Actually, Louis Vuitton was one of LVMH’s better-performing units in the first half of 2020, but over those six months, overall sales tumbled 27%. Dior and Louis Vuitton are two of the company’s most venerable fashion labels and their wares are typically pricey. But price tags aren’t the problem. It’s getting shoppers to the boutiques — an effort stymied because of the pandemic.
Things are looking up, however, as LVMH’s June sales in the U.S. and Japan — two of the most important global markets for luxury goods — were flat at Dior and Louis Vuitton stores as more of those outlets resumed operations.
That’s incremental improvement, but owing to where many of these boutiques are located, many Dior and Louis Vuitton stores get a significant chunk of their business from international visitors. That is to say, LVMH stock needs more travel bans to be relaxed before the shares can materially rally.
Las Vegas Sands (LVS)
Earlier this month, I highlighted Las Vegas Sands as one of the travel stocks to consider amid reopenings. That thesis rapidly paid off as LVS stock jumped 12.20% last week on the aforementioned China tourist visa news.
Yes, Sands runs five integrated resorts in Macau, making it the largest operator there by that metric, but Singapore is also a pivotal part of the equation with this name. Although Marina Bay Sands is still operating at limited capacity, Singapore’s tourism-heavy economy is ailing and if the city-state can flatten the Covid-19 curve, authorities there are likely to move swiftly to loosen travel controls.
Marina Bay Sands is the most profitable casino in the world. Combined with Macau, Las Vegas Sands generates close to 90 percent of its earnings before interest, taxes, depreciation and amortization (EBITDA) in the Asia-Pacific region.’

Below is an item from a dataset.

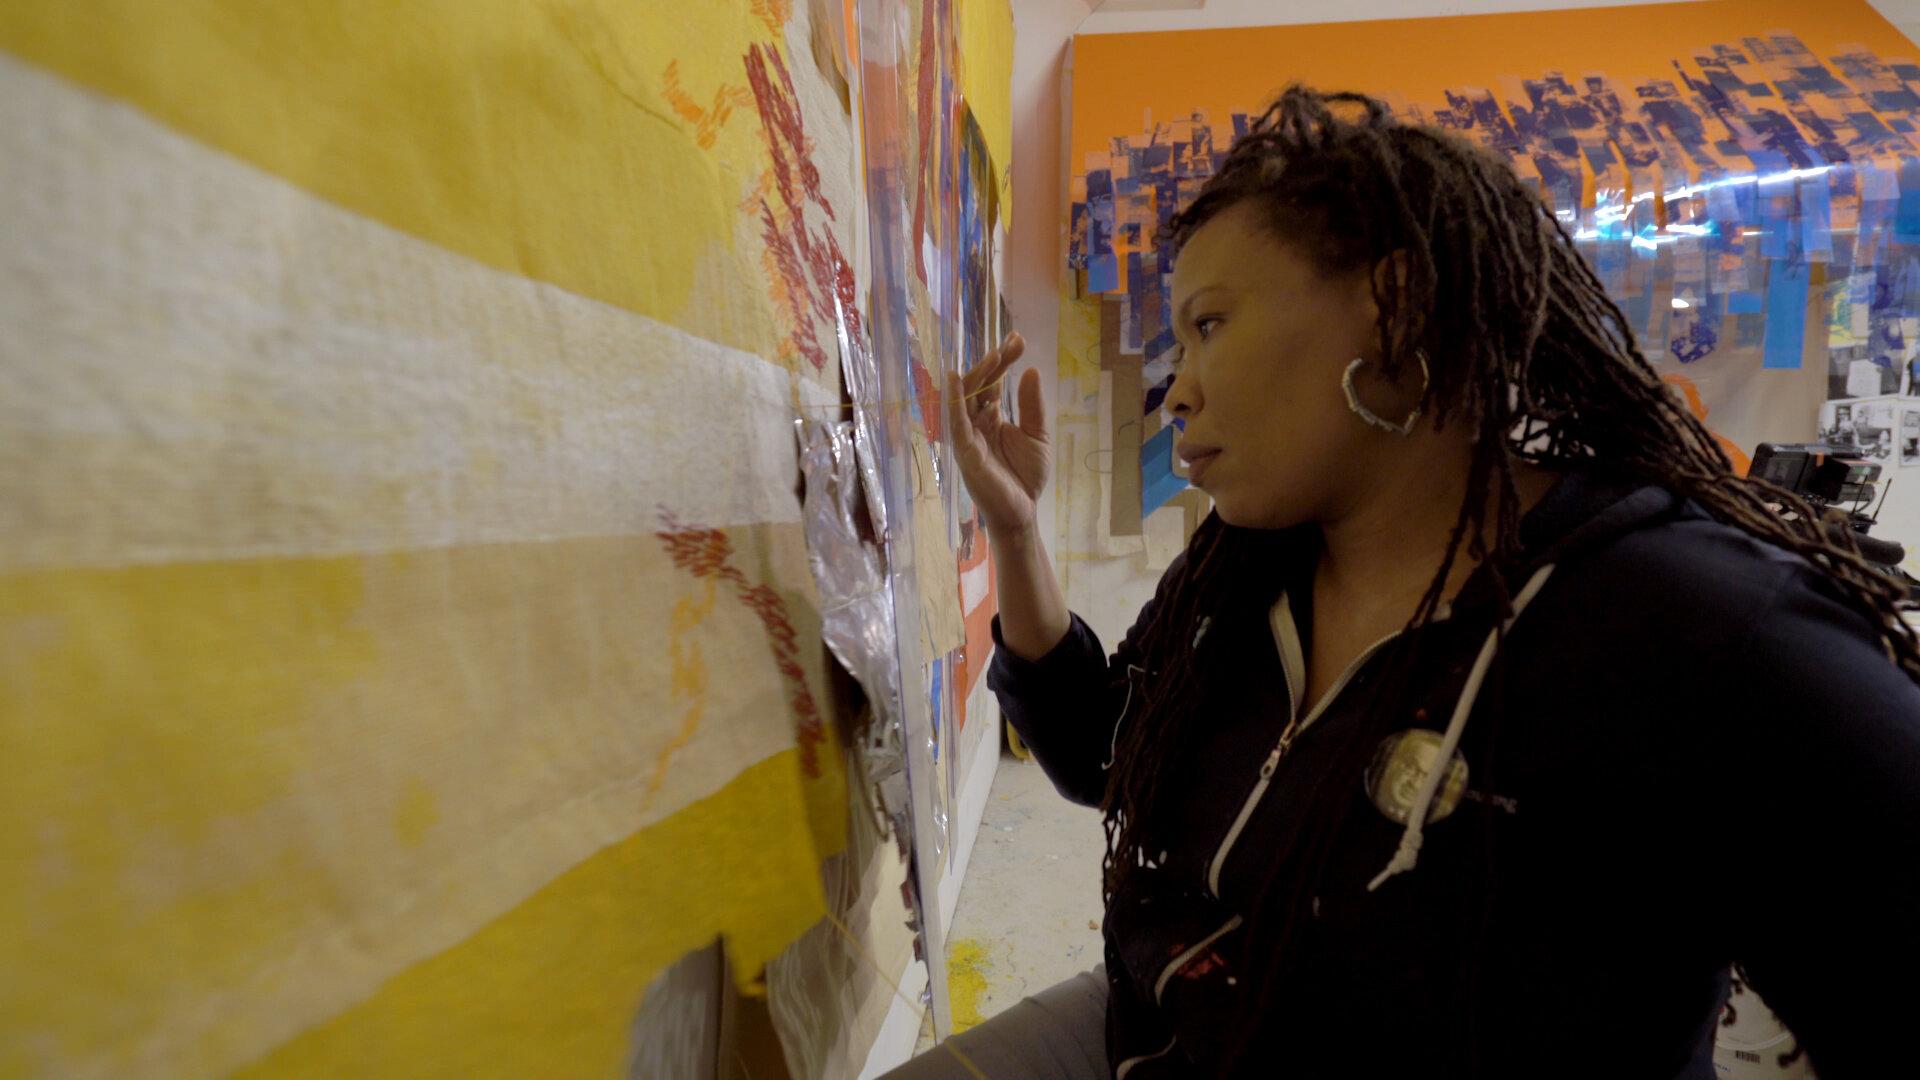 Whitney_Biennial_2019_Tomashi_Jackson_20190610_EXPORT_v05_FINAL.00_04_21_19.Still020.jpg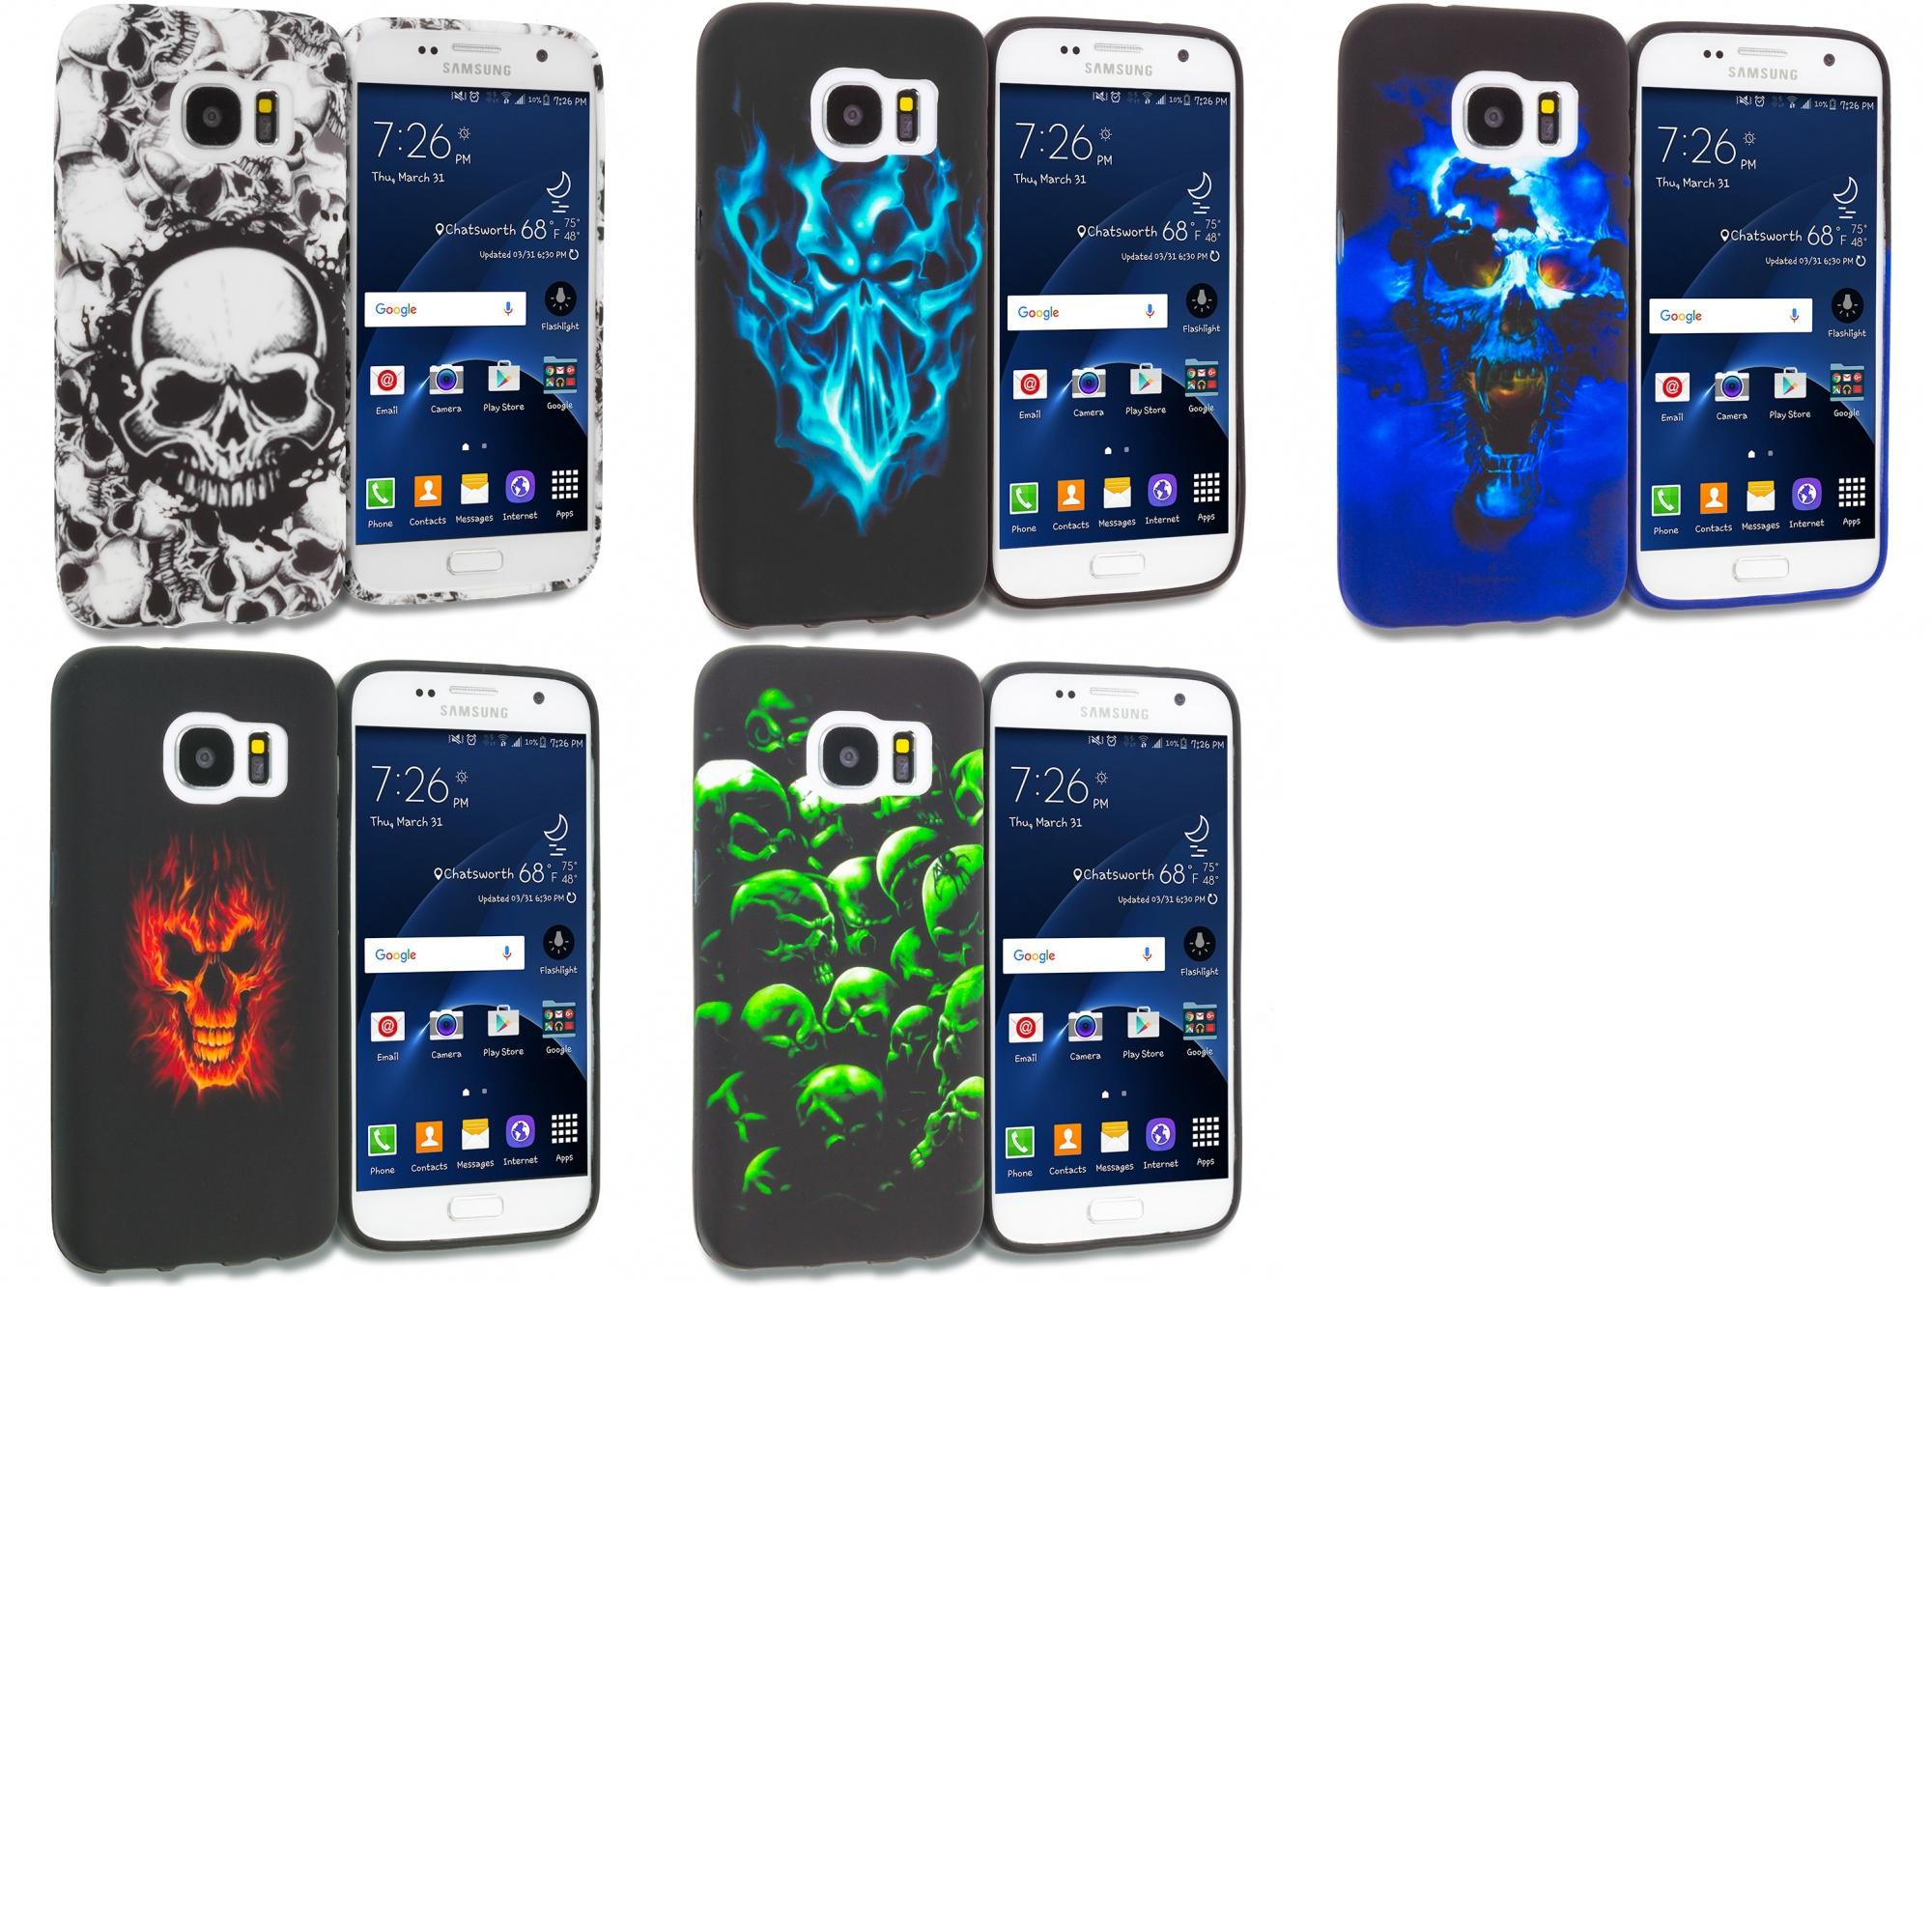 Samsung Galaxy S7 Combo Pack : Black White Skulls TPU Design Soft Rubber Case Cover

There’s something else to consider here. At least one research firm views Sands as the gaming company best suited to “get back to normal,” noting that under a bull case scenario, it could be an $80 to $90 stock over the next years after closing around $48 on August 14.
Imperial Brands (IMBBY)
As a tobacco company, UK-based Imperial Brands doesn’t necessarily need travel to resume to get a lift, but a return to normalcy where more bars are open and parties are allowed — opportunities for smokers to get together — helps the case for this “sin stock.”
Beyond its status as a reopening idea, Imperial has a “next generation” portfolio that revolves around vaping and other products. With a new chief executive officer soon arriving, investors should expect non-cigarette offerings to command more of a focus at Imperial.
“We expect Imperial’s incoming CEO, Stefan Bomhard, to accelerate investment across a broader range of emerging categories, including heated tobacco and modern oral, funded by the announced divestment of GBP 2 billion of assets including the cigar portfolio,” according to Morningstar.
Todd Shriber has been an InvestorPlace contributor since 2014. As of this writing, he did not hold a position in any of the aforementioned securities.